__What needs to be done__:
Each line in the records that mentions the word "page" needs to be listed.

__Provided data__:
BEGIN

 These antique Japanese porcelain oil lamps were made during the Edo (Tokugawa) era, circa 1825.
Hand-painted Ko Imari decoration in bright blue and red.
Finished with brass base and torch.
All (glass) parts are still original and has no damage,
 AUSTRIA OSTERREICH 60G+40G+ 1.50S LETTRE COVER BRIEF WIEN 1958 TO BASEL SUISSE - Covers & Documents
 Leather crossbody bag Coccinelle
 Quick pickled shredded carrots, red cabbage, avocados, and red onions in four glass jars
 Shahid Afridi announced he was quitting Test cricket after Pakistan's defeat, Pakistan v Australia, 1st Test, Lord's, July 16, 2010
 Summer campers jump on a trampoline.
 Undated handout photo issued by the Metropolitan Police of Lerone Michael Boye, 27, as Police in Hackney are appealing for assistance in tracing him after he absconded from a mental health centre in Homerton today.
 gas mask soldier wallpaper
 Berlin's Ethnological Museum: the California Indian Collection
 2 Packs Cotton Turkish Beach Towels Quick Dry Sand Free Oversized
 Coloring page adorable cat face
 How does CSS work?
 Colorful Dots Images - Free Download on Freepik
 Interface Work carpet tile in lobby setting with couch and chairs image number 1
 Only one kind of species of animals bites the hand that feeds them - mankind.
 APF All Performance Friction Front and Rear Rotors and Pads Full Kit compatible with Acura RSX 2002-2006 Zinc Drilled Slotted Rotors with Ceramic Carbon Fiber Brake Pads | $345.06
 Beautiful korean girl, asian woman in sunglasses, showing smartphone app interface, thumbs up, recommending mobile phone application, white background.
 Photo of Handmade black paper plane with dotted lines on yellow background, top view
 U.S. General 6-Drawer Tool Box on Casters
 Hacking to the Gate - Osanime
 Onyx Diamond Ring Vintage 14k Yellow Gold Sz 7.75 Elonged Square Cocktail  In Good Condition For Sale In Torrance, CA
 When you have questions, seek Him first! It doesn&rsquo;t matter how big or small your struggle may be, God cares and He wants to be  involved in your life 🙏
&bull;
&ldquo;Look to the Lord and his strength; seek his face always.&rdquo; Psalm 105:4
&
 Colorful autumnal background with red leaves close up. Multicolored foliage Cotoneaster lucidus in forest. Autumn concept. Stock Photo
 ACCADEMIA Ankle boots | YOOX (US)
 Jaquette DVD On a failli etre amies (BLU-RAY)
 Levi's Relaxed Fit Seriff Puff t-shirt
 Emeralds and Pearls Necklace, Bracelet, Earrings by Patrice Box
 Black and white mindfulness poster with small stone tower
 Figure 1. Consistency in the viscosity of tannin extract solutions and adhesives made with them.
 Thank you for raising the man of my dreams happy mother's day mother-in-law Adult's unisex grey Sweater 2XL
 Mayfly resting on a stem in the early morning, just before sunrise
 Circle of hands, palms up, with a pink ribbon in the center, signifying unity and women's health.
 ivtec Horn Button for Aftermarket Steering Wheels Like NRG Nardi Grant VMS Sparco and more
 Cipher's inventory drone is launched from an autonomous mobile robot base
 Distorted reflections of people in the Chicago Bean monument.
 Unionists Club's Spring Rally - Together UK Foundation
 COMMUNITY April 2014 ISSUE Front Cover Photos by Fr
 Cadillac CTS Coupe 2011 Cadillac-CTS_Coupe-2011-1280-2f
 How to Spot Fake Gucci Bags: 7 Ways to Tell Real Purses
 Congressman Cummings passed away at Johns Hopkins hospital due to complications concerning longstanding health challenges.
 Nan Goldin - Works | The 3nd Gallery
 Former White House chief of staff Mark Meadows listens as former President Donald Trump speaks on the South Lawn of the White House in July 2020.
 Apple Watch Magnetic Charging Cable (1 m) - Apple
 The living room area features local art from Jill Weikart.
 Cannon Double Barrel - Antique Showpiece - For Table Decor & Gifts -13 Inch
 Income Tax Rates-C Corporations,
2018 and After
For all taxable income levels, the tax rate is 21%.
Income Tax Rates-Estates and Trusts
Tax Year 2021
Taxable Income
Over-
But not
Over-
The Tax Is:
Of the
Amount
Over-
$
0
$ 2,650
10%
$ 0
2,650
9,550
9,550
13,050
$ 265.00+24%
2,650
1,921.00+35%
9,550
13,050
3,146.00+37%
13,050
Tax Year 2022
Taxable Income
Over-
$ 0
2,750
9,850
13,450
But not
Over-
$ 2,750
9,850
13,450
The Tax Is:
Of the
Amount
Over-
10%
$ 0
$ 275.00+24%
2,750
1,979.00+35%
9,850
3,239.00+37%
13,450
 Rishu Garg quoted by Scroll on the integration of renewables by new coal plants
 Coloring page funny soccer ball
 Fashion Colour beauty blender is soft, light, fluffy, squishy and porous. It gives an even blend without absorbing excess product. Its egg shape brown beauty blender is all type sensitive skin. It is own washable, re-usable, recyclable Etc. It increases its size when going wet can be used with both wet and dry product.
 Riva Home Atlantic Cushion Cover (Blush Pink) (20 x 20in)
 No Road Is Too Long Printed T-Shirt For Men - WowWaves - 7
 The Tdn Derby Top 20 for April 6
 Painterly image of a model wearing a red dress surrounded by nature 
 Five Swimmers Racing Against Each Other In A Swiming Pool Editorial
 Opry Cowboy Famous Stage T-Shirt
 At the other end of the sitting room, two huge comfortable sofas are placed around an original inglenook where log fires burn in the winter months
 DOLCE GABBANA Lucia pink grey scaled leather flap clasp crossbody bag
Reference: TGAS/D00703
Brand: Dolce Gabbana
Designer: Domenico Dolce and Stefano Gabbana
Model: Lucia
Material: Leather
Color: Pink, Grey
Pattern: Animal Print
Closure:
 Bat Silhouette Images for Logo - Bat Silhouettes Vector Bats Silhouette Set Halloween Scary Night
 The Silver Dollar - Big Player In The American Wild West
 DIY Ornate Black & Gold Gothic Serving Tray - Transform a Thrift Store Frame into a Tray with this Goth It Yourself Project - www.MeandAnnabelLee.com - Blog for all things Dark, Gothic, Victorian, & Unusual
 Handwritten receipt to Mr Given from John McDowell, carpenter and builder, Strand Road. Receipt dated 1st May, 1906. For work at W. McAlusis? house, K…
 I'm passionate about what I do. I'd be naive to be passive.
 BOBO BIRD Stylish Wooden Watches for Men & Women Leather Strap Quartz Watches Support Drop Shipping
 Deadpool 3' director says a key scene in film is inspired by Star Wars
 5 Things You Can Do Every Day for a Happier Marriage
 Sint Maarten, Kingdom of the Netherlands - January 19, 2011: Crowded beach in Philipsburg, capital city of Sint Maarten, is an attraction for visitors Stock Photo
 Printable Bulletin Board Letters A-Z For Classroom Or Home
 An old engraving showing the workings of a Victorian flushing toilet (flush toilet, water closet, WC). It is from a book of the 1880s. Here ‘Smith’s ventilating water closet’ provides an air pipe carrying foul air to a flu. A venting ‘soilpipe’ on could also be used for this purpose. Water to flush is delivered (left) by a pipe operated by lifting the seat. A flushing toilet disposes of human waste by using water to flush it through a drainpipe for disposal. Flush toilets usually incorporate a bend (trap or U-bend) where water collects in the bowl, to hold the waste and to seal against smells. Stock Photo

END

__Written answer__:
 Coloring page adorable cat face
 Coloring page funny soccer ball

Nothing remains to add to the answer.